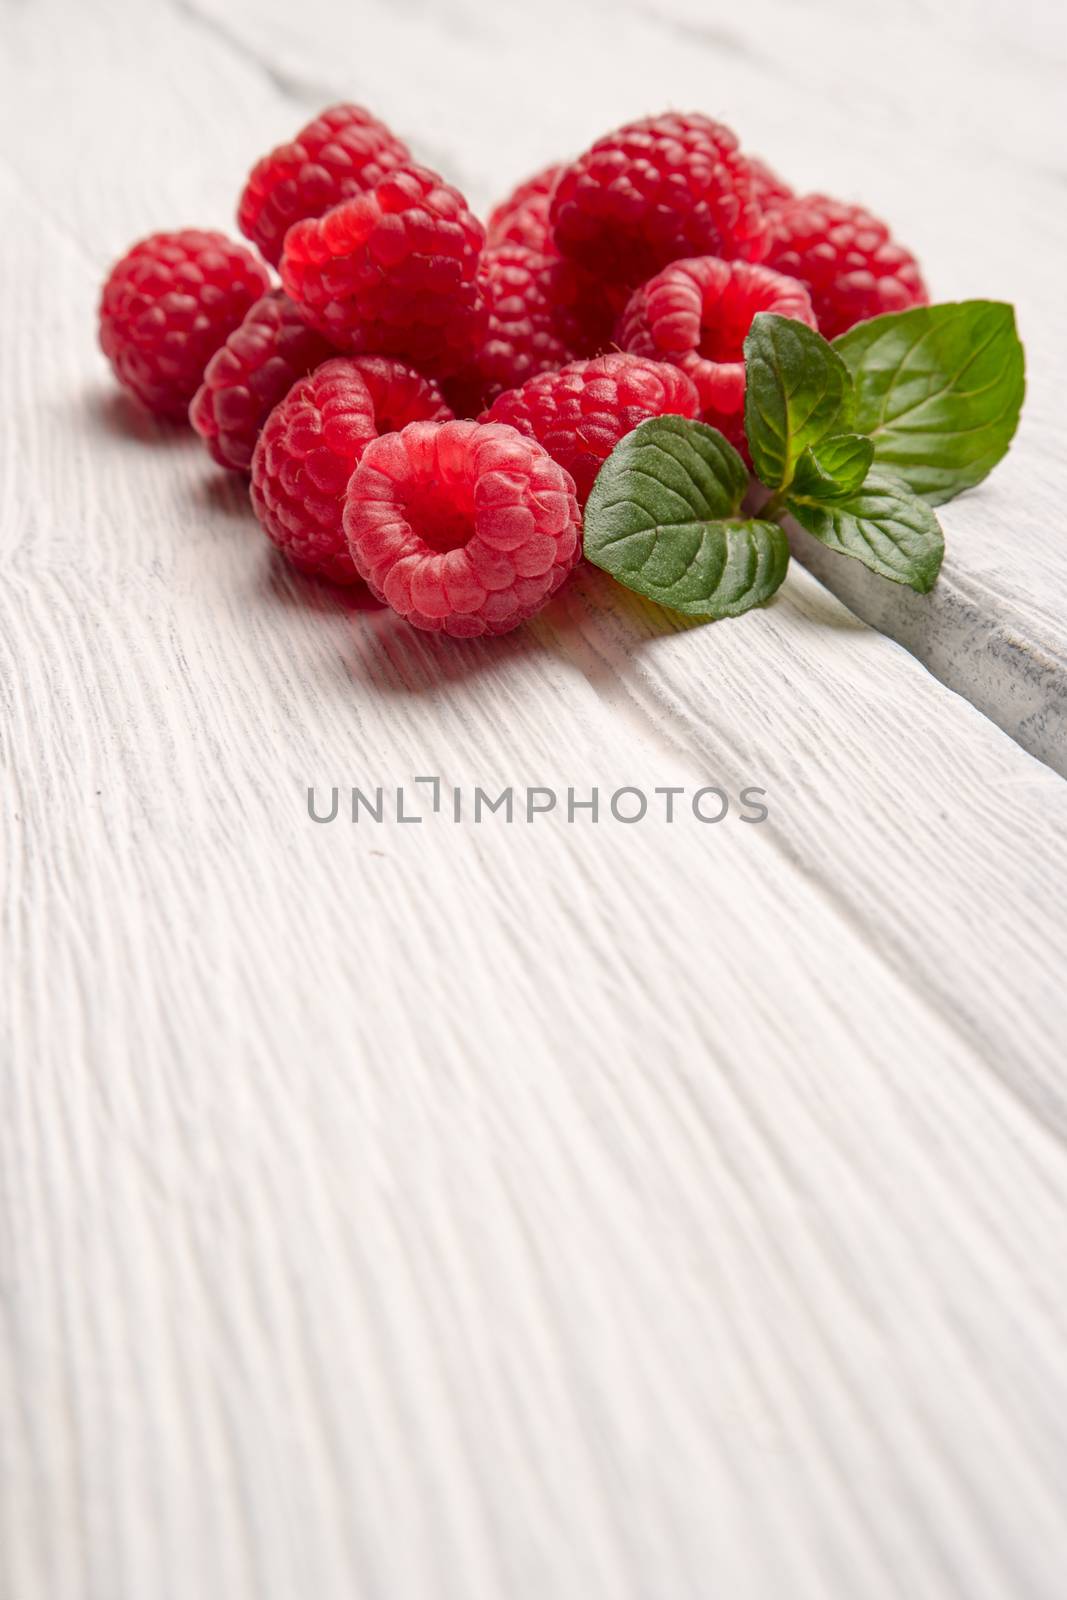 Ripe sweet raspberries on wood table background
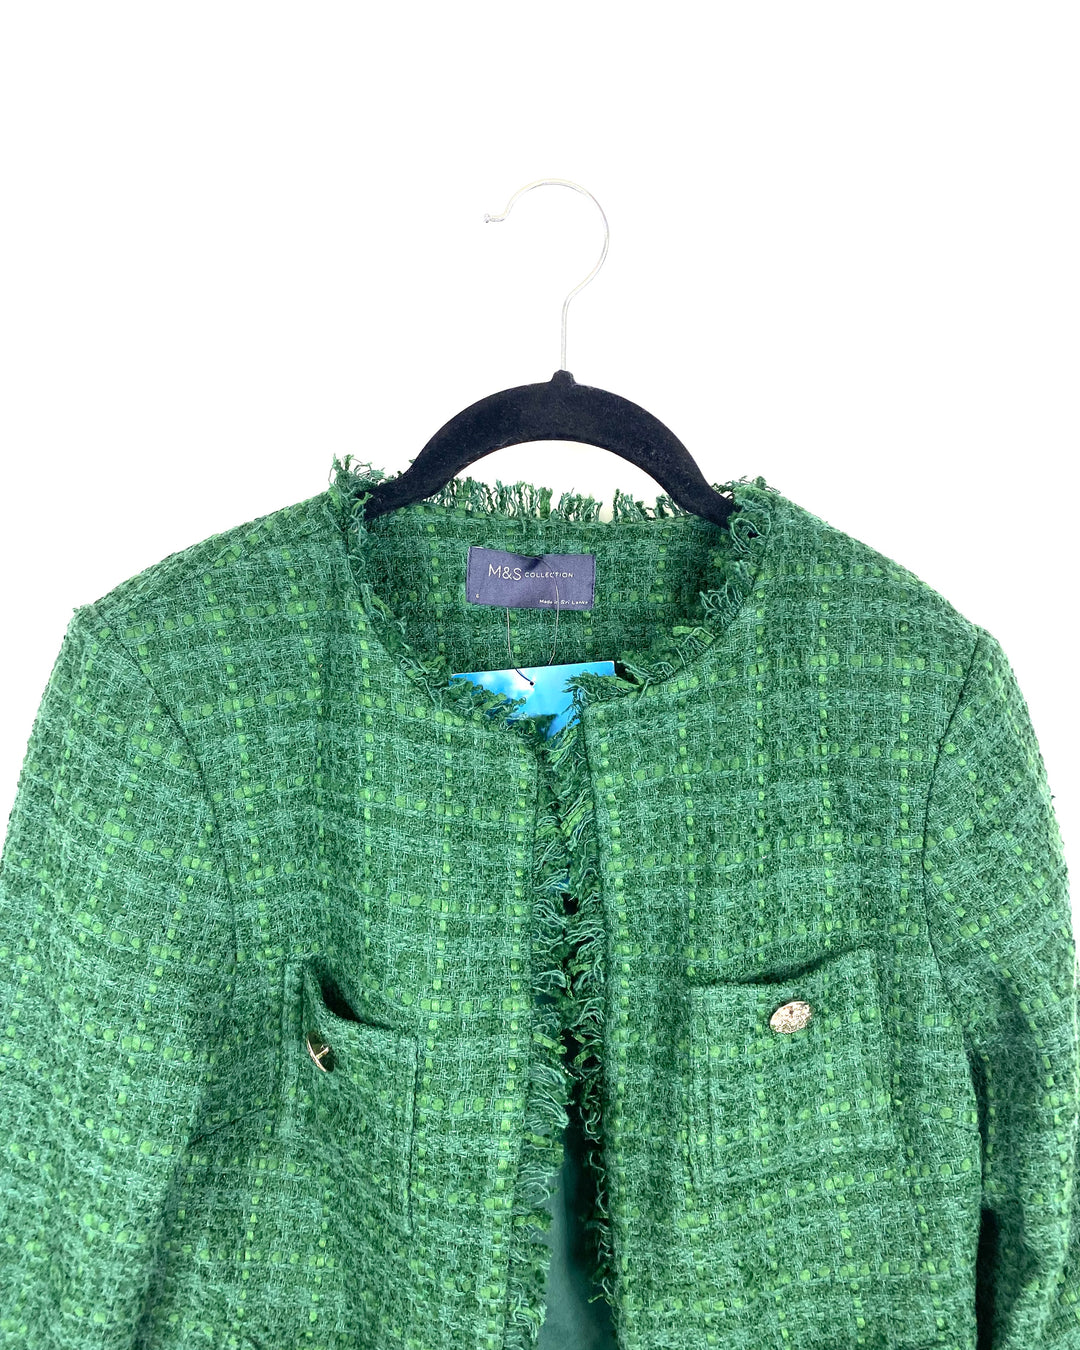 Green Tweed Cropped Blazer - Size 0
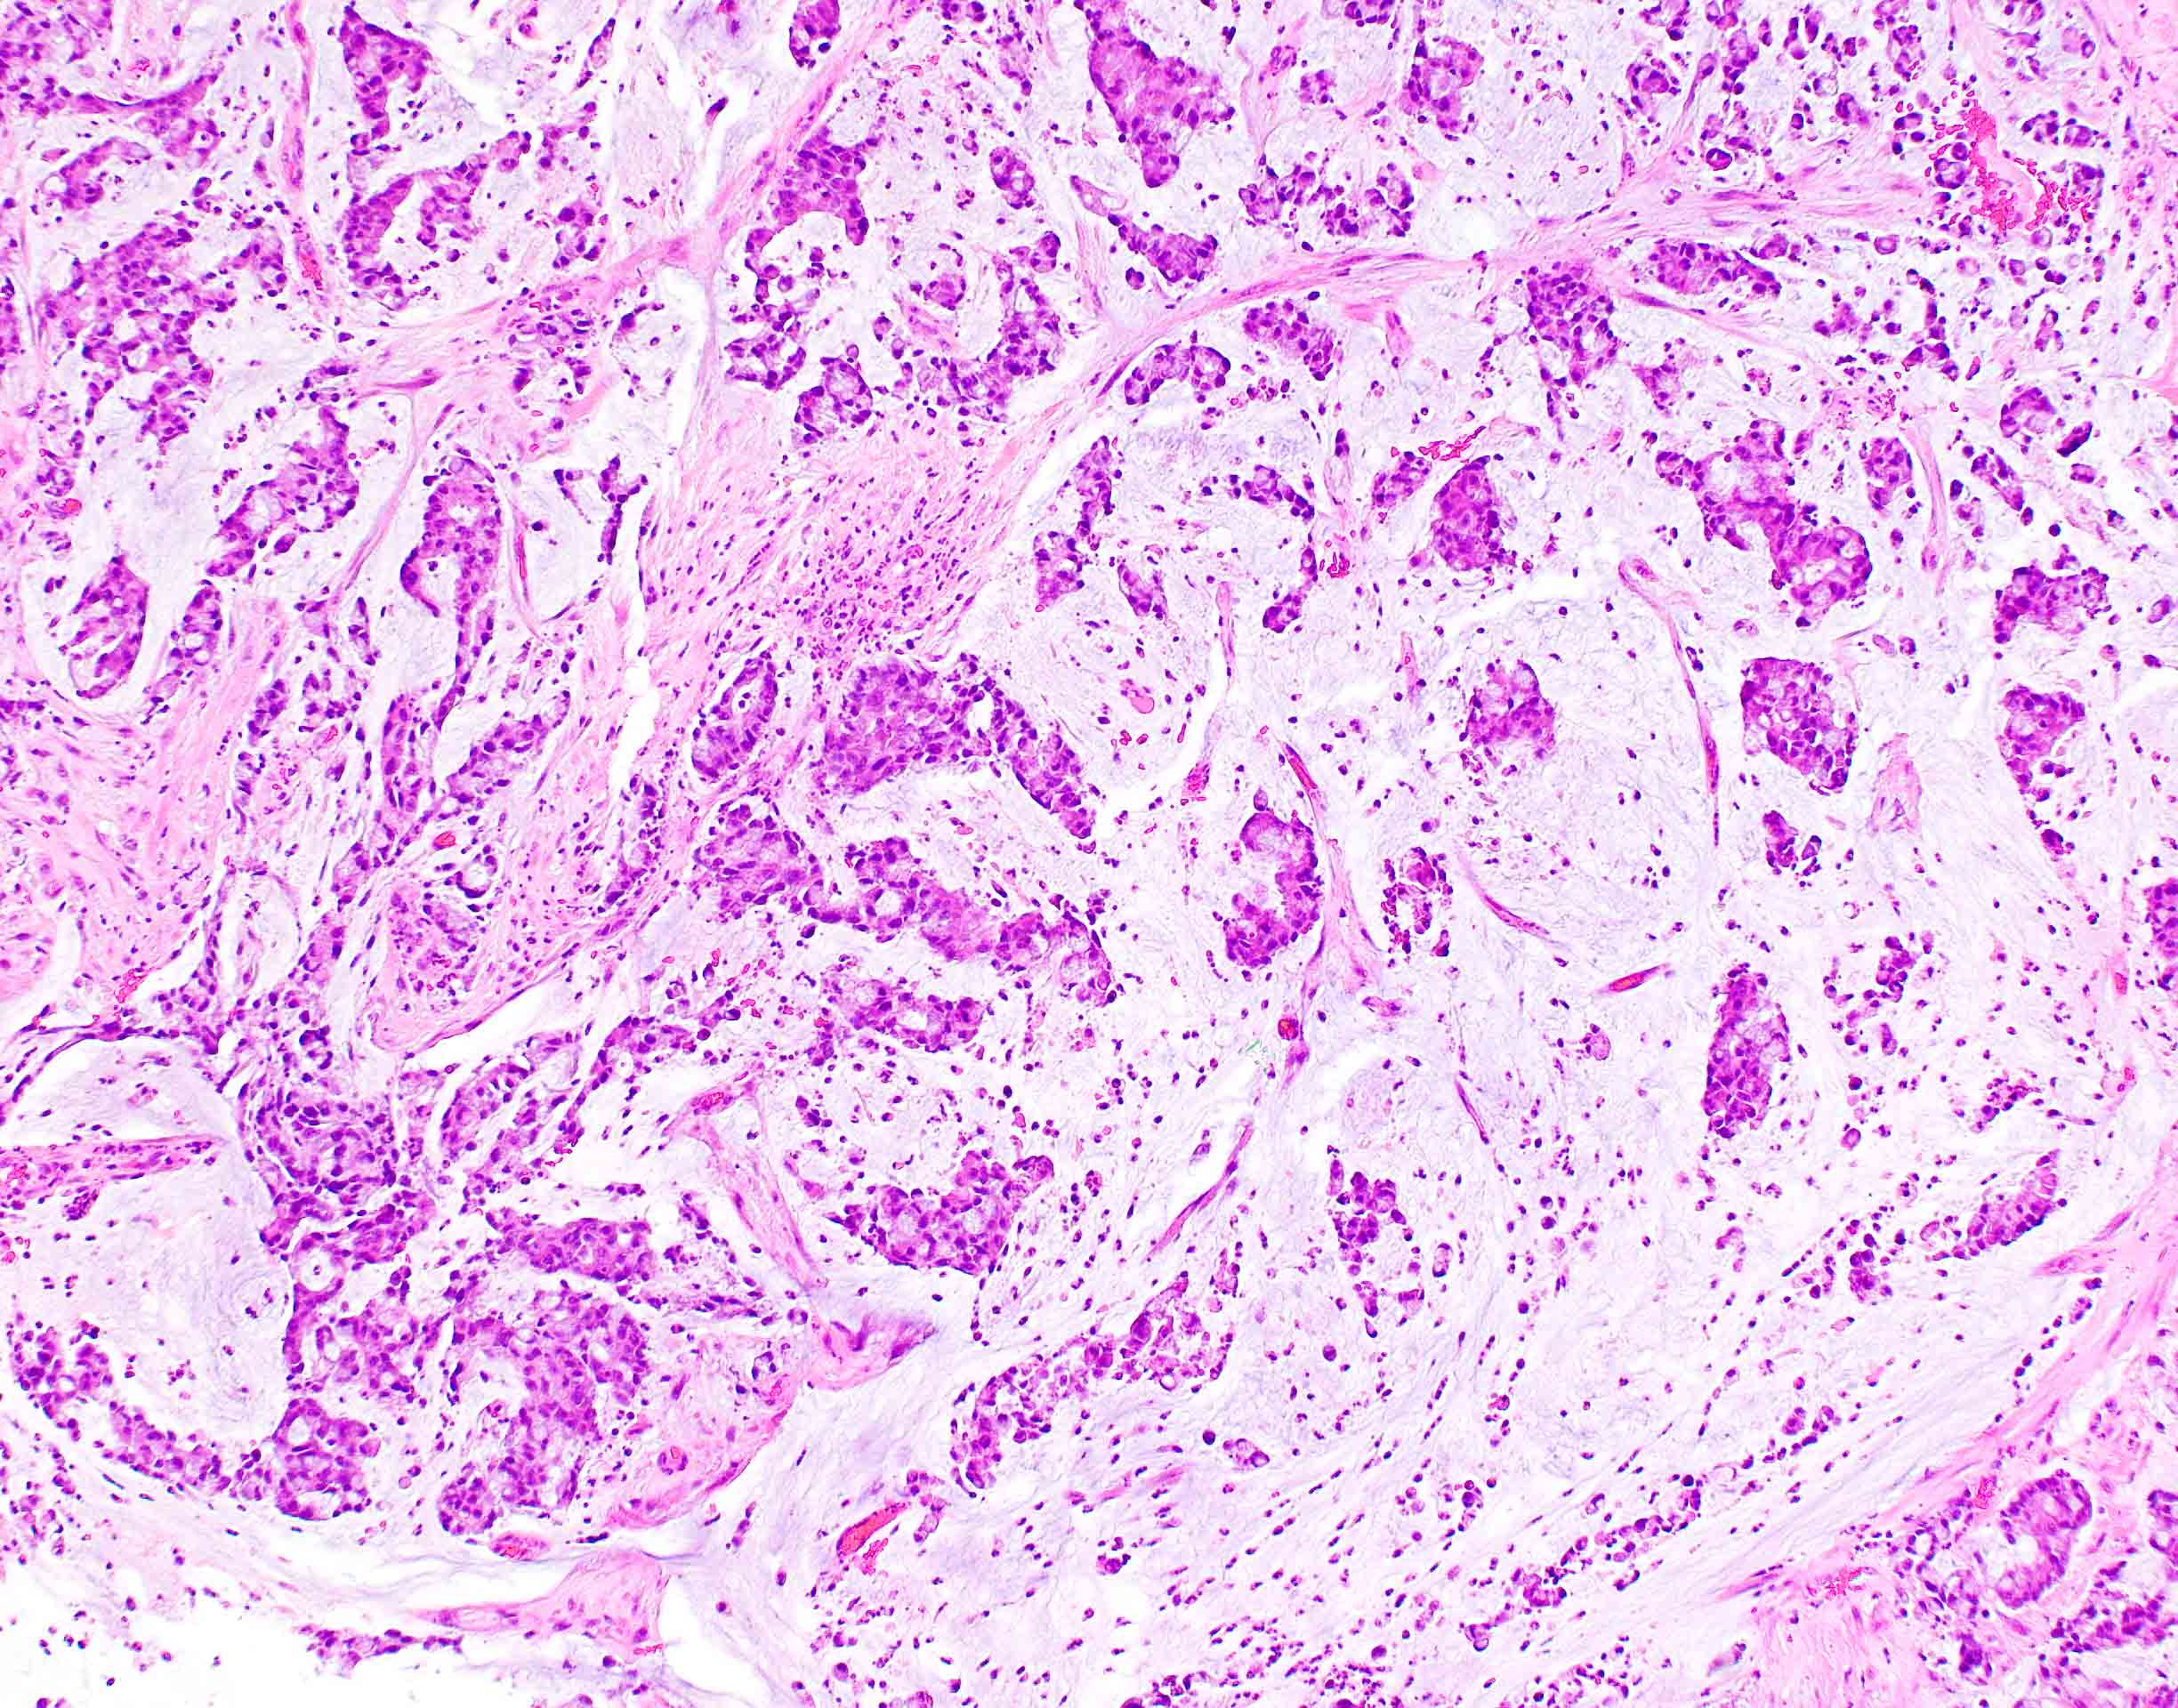 Mucinous adenocarcinoma of colon, moderately differentiated

==================================================

Exercise details: Reproduce the material exactly. Pictures stay out.

Solution to the exercise:
 Ripe sweet raspberries on wood table background
 Green Tweed Cropped Blazer - Size 0
 Mucinous adenocarcinoma of colon, moderately differentiated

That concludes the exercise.